WHAT IS EXPECTED:
Given the records below, the lines starting at the line with "Paloma Barcelo - Sandales" and ending at the line with "Темно-зеленая бейсболка Alaska" should be output exactly, both end lines kept and pictures left out.

THE DATA:

□ □ □ □

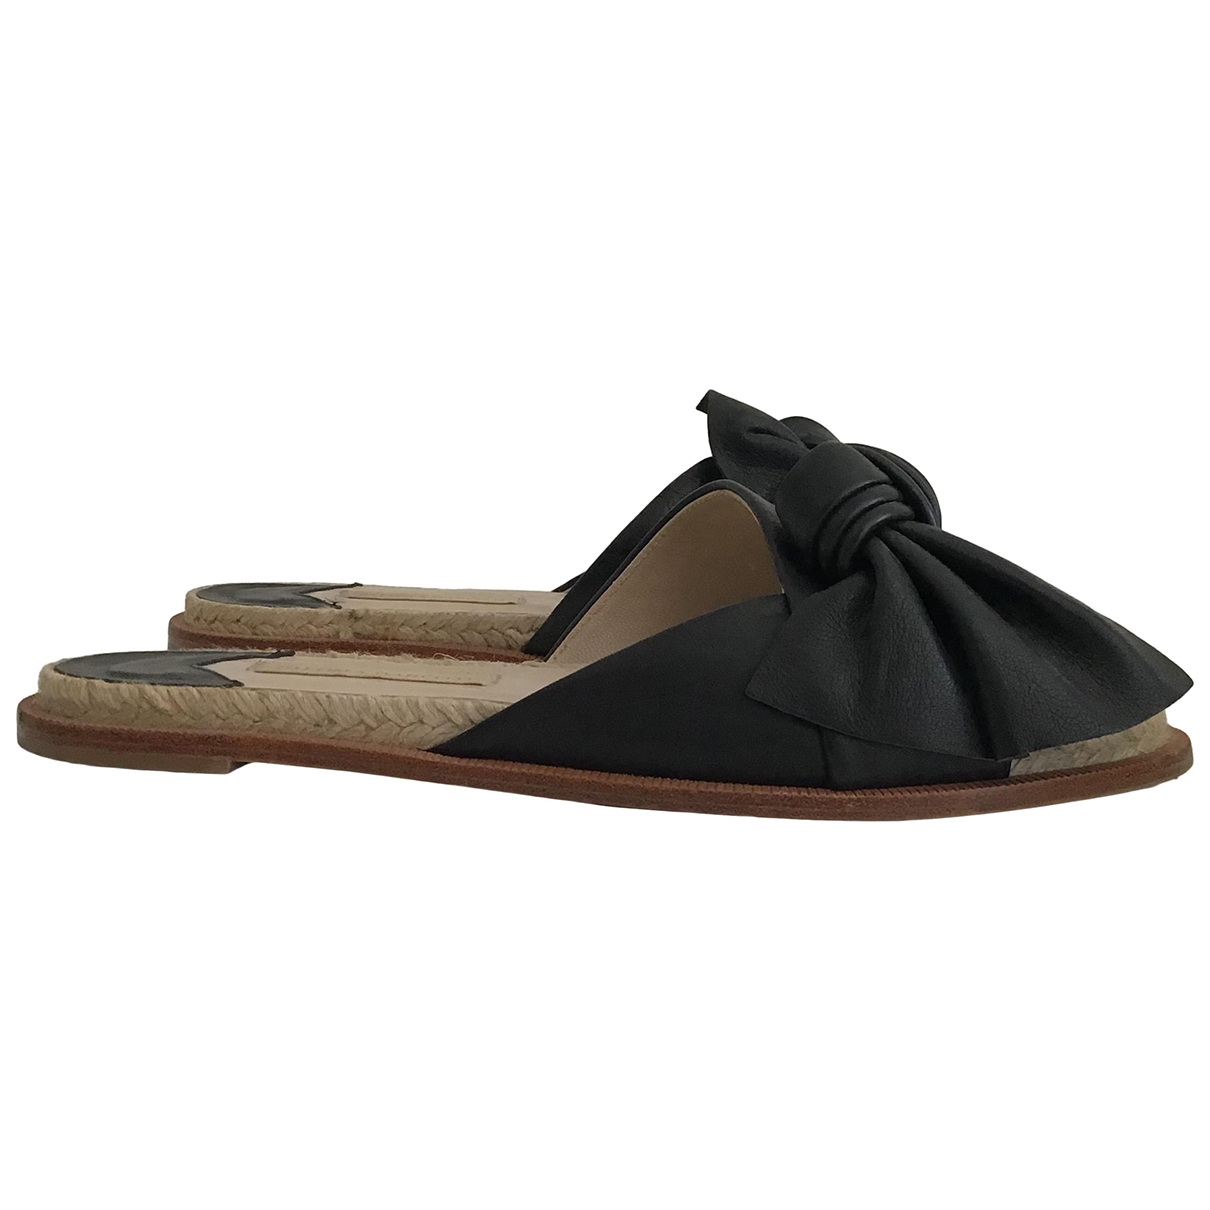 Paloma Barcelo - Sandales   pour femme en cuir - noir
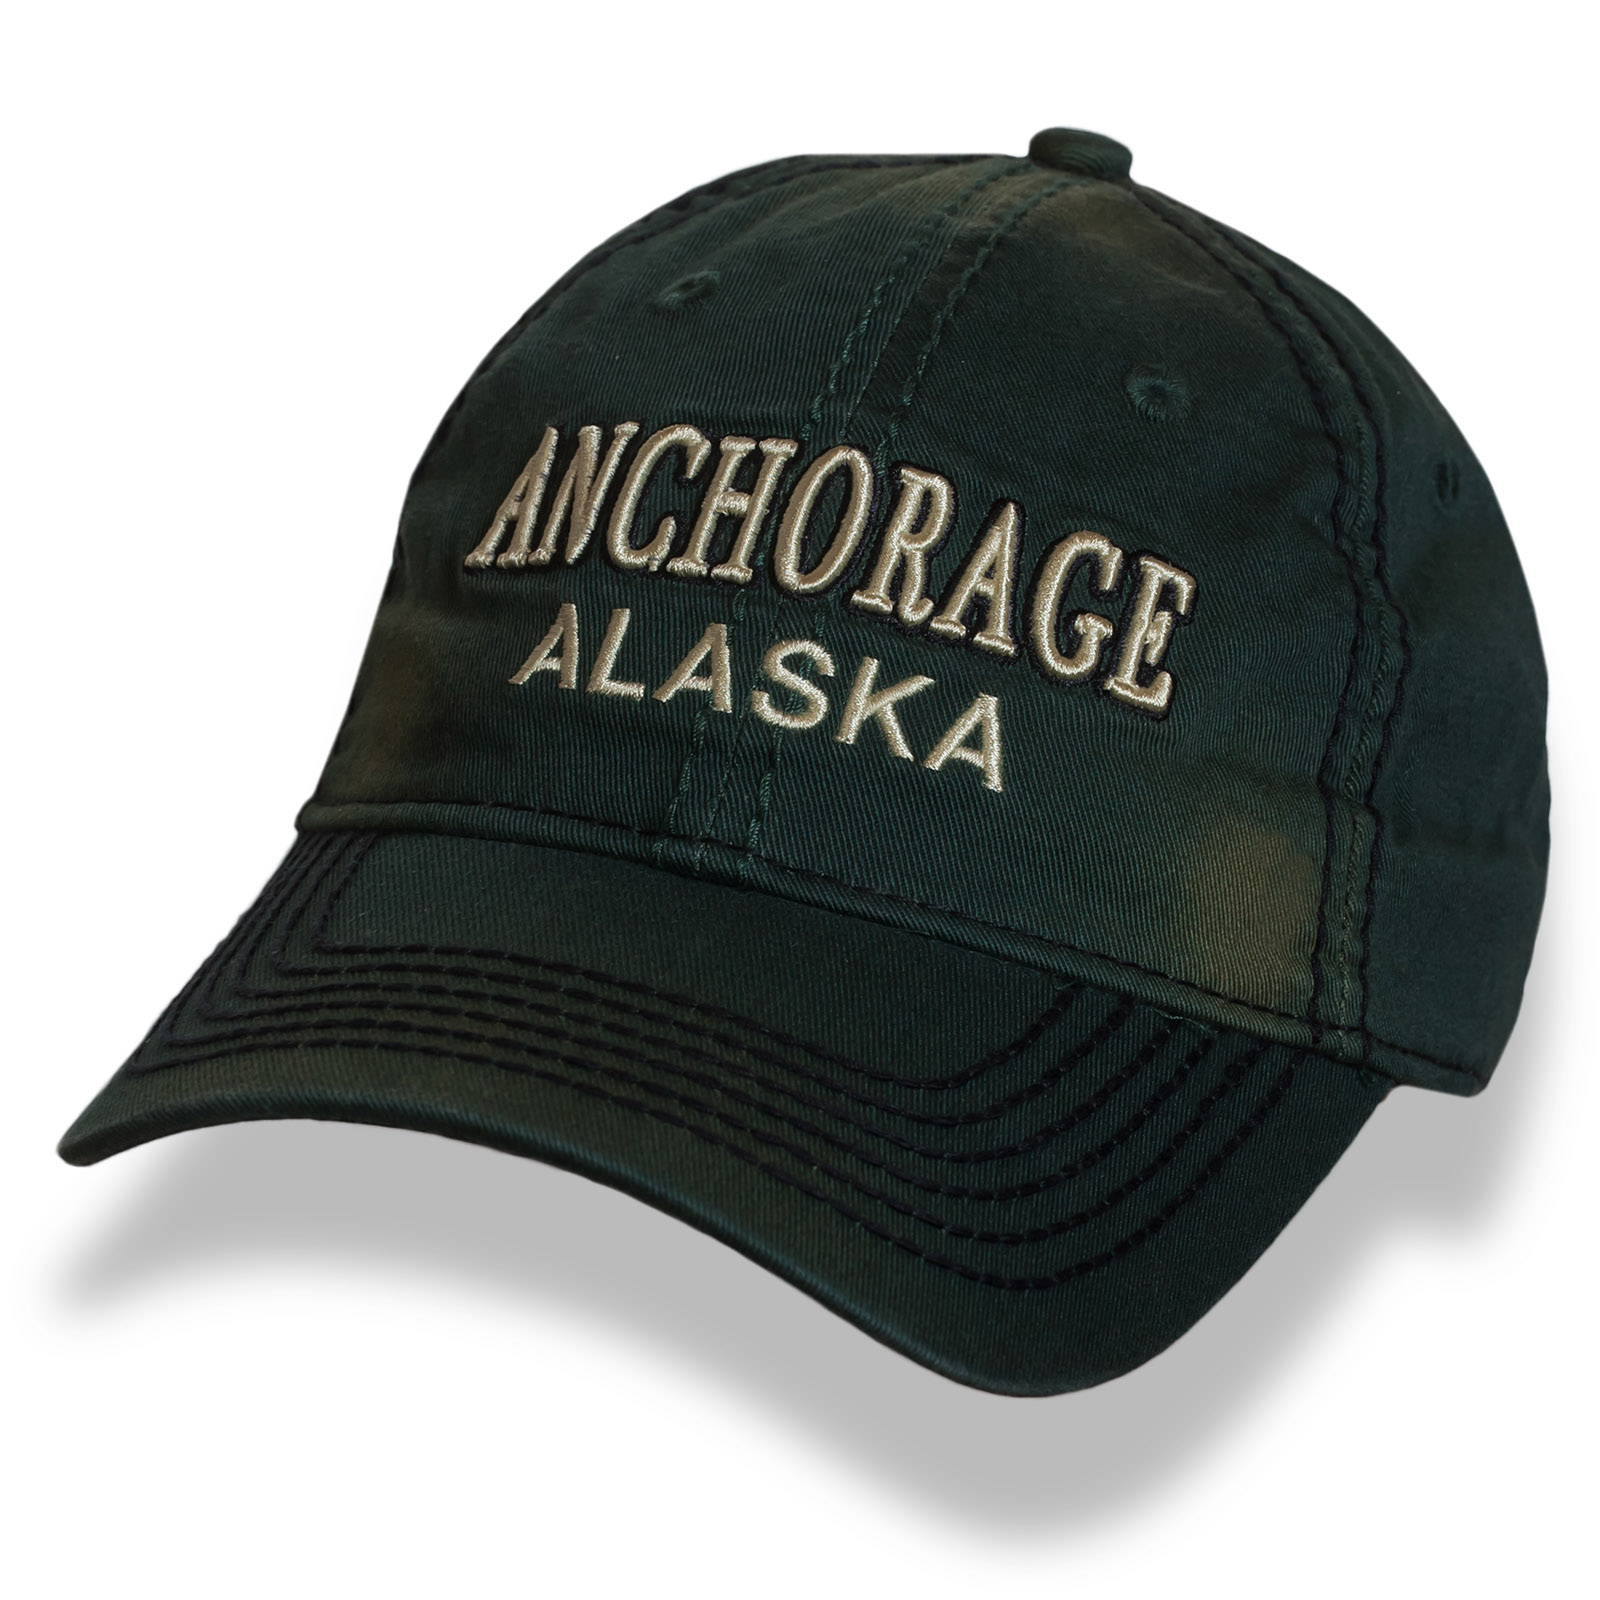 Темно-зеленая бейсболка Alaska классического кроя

□ □ □ □

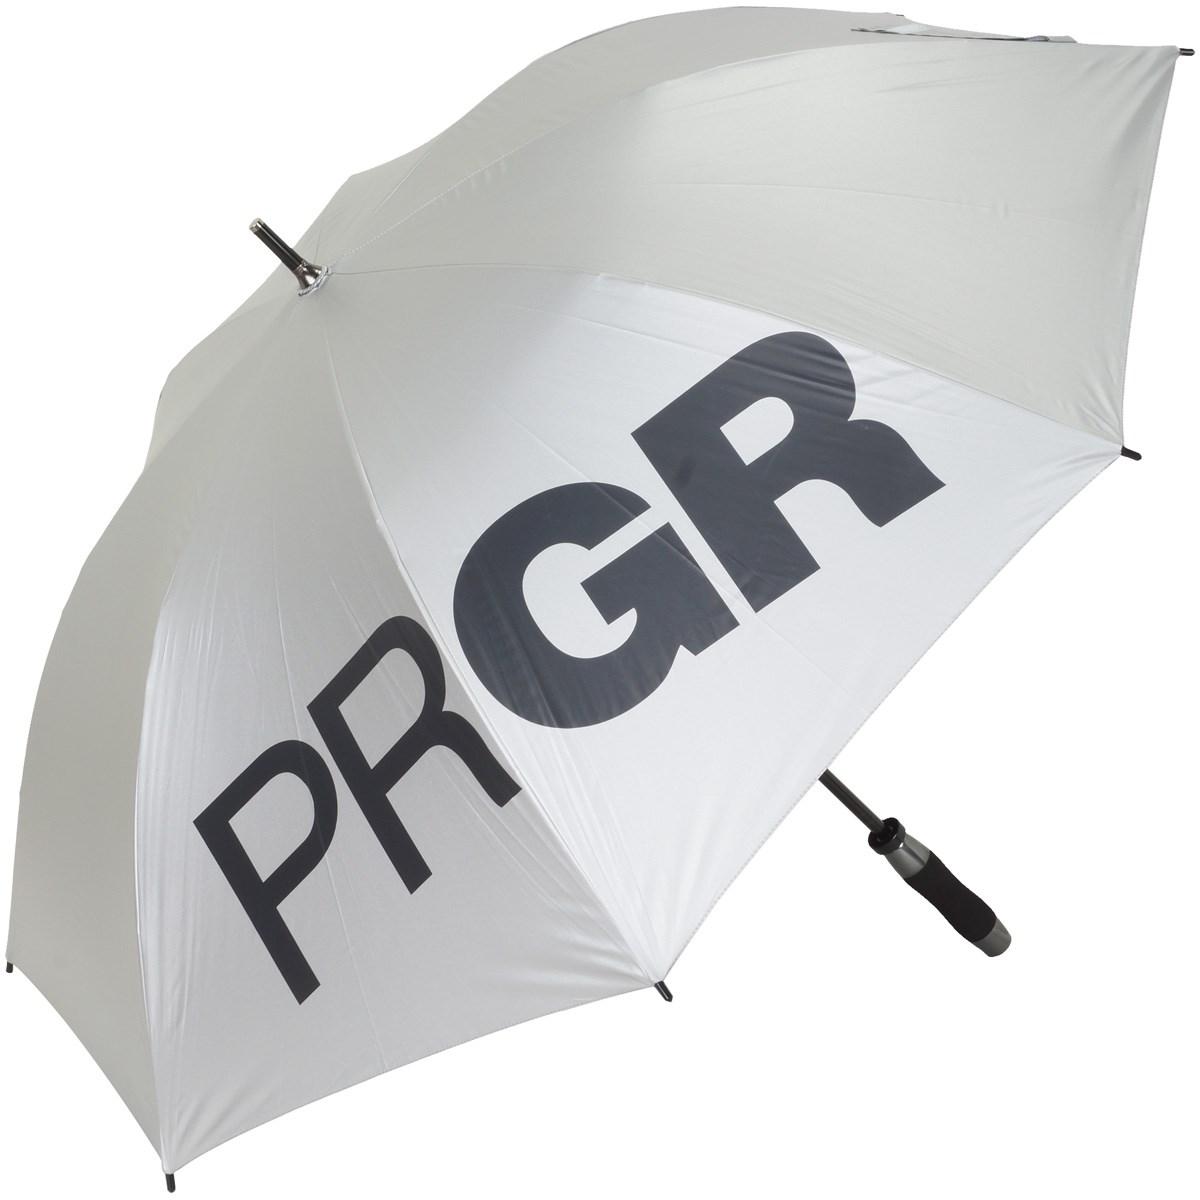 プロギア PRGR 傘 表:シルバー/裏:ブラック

□ □ □ □

THE ANSWER:
 Paloma Barcelo - Sandales   pour femme en cuir - noir
 Темно-зеленая бейсболка Alaska классического кроя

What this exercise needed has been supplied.